Меж рабством и свободой: причины исторической катастрофы - Яков Гордин
Шрифт:
Интервал:
Закладка:
Я так подробно рассказываю о судьбе и личности Татищева не только потому, что он сыграл одну из первых ролей в событиях 1730 года, но и потому, что именно Василий Никитич представлял тот тип русского человека, которому принадлежало будущее, если бы люди этого типа сделали точный выбор. Именно эта плеяда младших петровских "птенцов", энергичных, образованных, с молодости хлебнувших европейского воздуха, не связанных родовой и личной памятью с допетровским бытом, знающая цену независимости как основе результативной деятельности, именно эта плеяда могла бы стать костяком нового русского общества в конституционном государстве. Им не хватило малости — ощущения свободы как условия самоуважения и восприятия самоуважения как непременного условия существования.
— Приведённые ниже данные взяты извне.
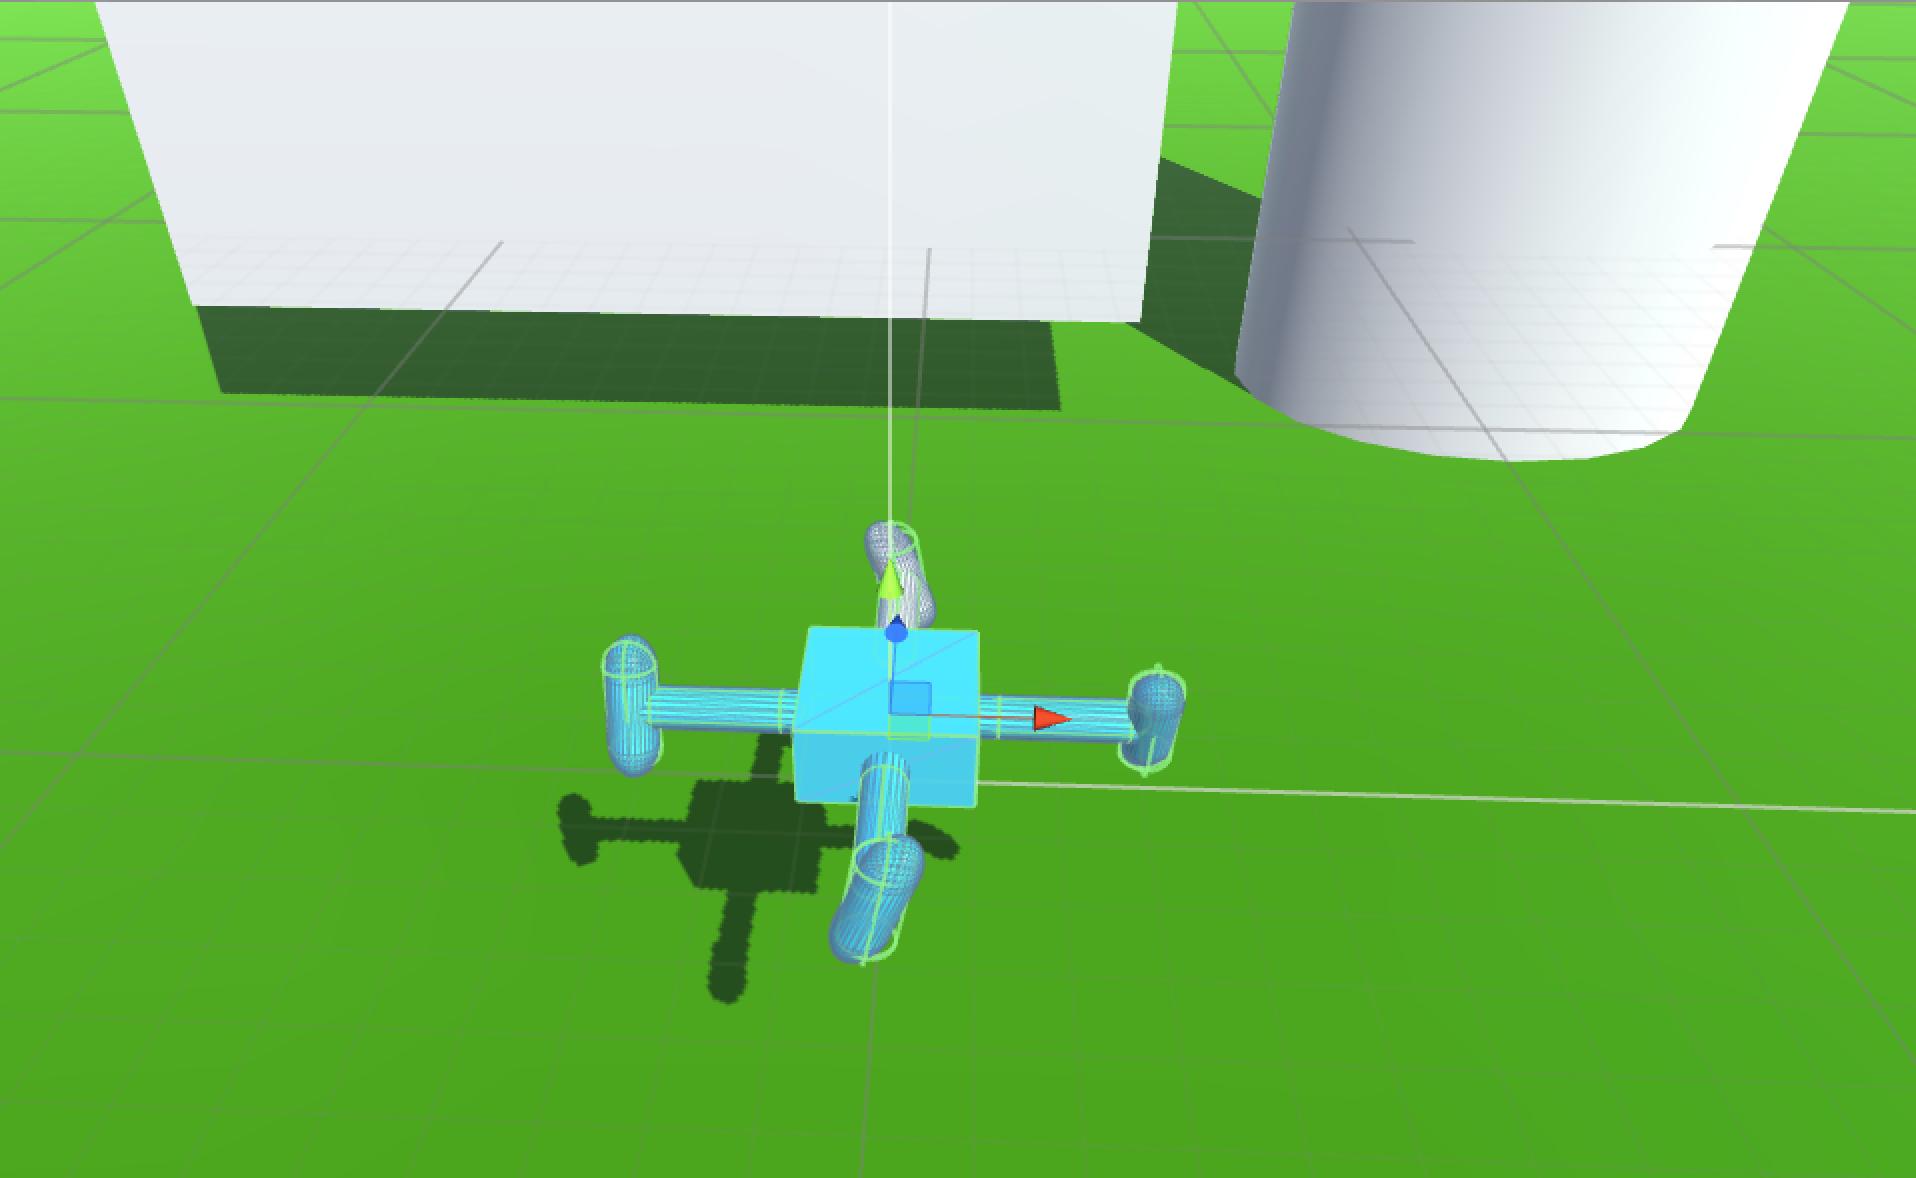 КПДВ. Виртуальный квадрокоптер в окружении параллелепипеда и цилиндра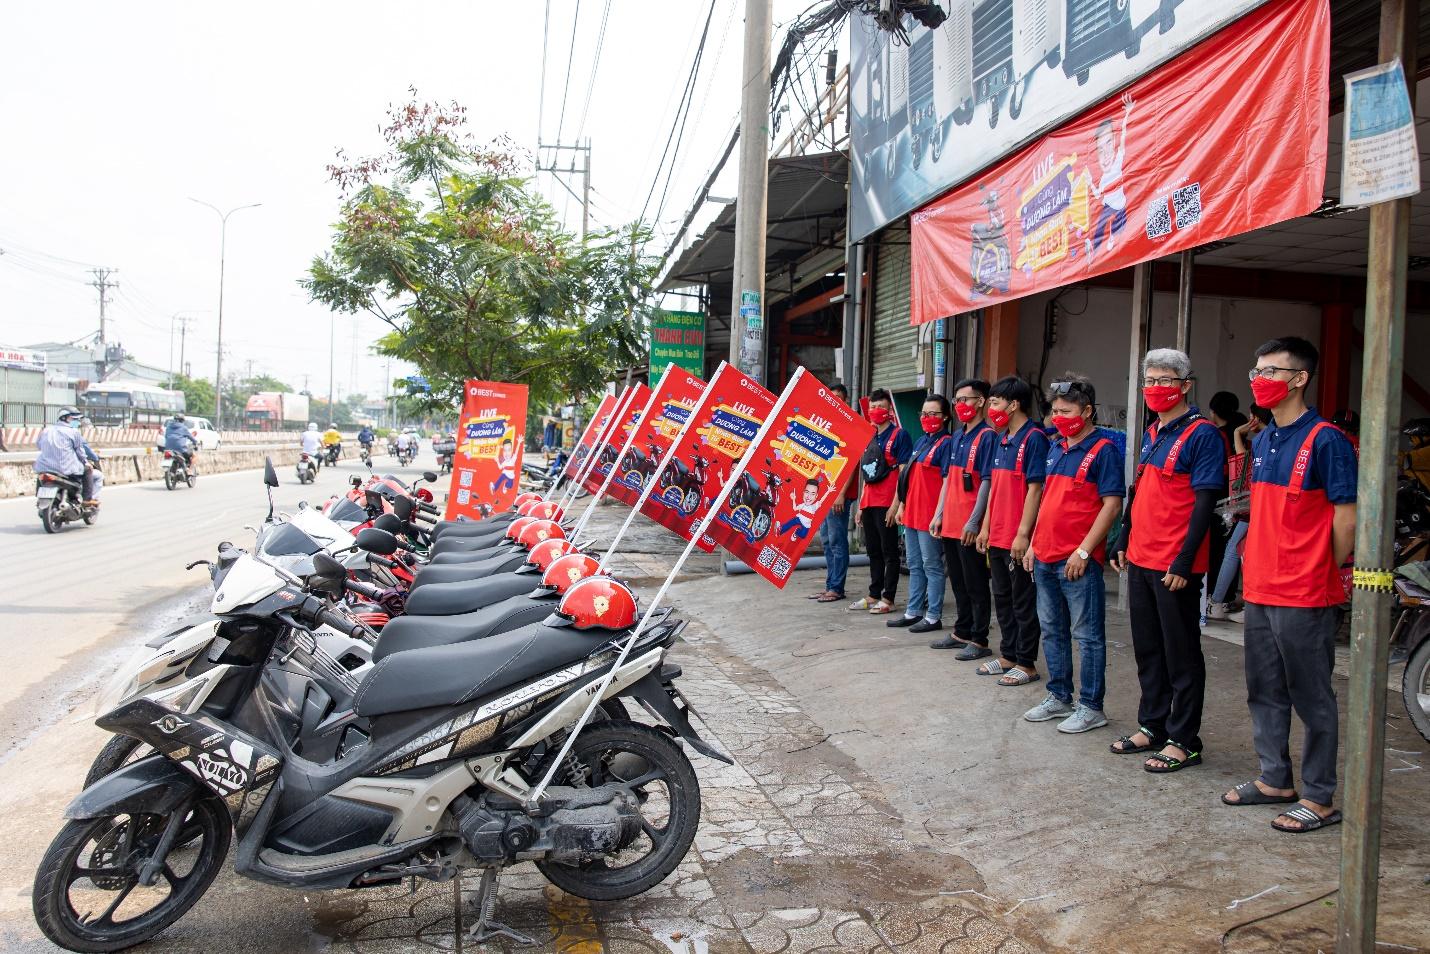 Anh Quang Tuấn và bưu cục Bình Tân tích cực phối hợp với BEST Express Việt Nam triển khai hoạt động quảng bá thương hiệu tại địa phương.

Не менее десяти лет до смерти Петра II и роковых недель января-февраля тридцатого года Татищев упорно собирал источники по истории России, собирал и штудировал книги по истории всемирной, равно как и историософские и политические трактаты. Он тоже, как и князь Дмитрий Михайлович, был фигурой принципиально двойственной, но по-иному. Знания исторические, философические, сведения по устройству европейских государств и Швеции прежде всего систематизировались и переваривались умом математика и механика. В отличие от Голицына, Татищев точно знал границы возможного в политике и настороженно следил, чтоб границы эти не были им в практических действиях преступлены. Несмотря на ясность и жесткость своего ума — а может быть, именно благодаря этим качествам, — он оказывался в плену иллюзий, ибо век просвещения, век формальной логики и высокопарной прагматики рождал иллюзии более дикие и нелепые, чем темные века раннего Средневековья. Несмотря на все политическое хитроумие, он стал жертвой своего рационализма.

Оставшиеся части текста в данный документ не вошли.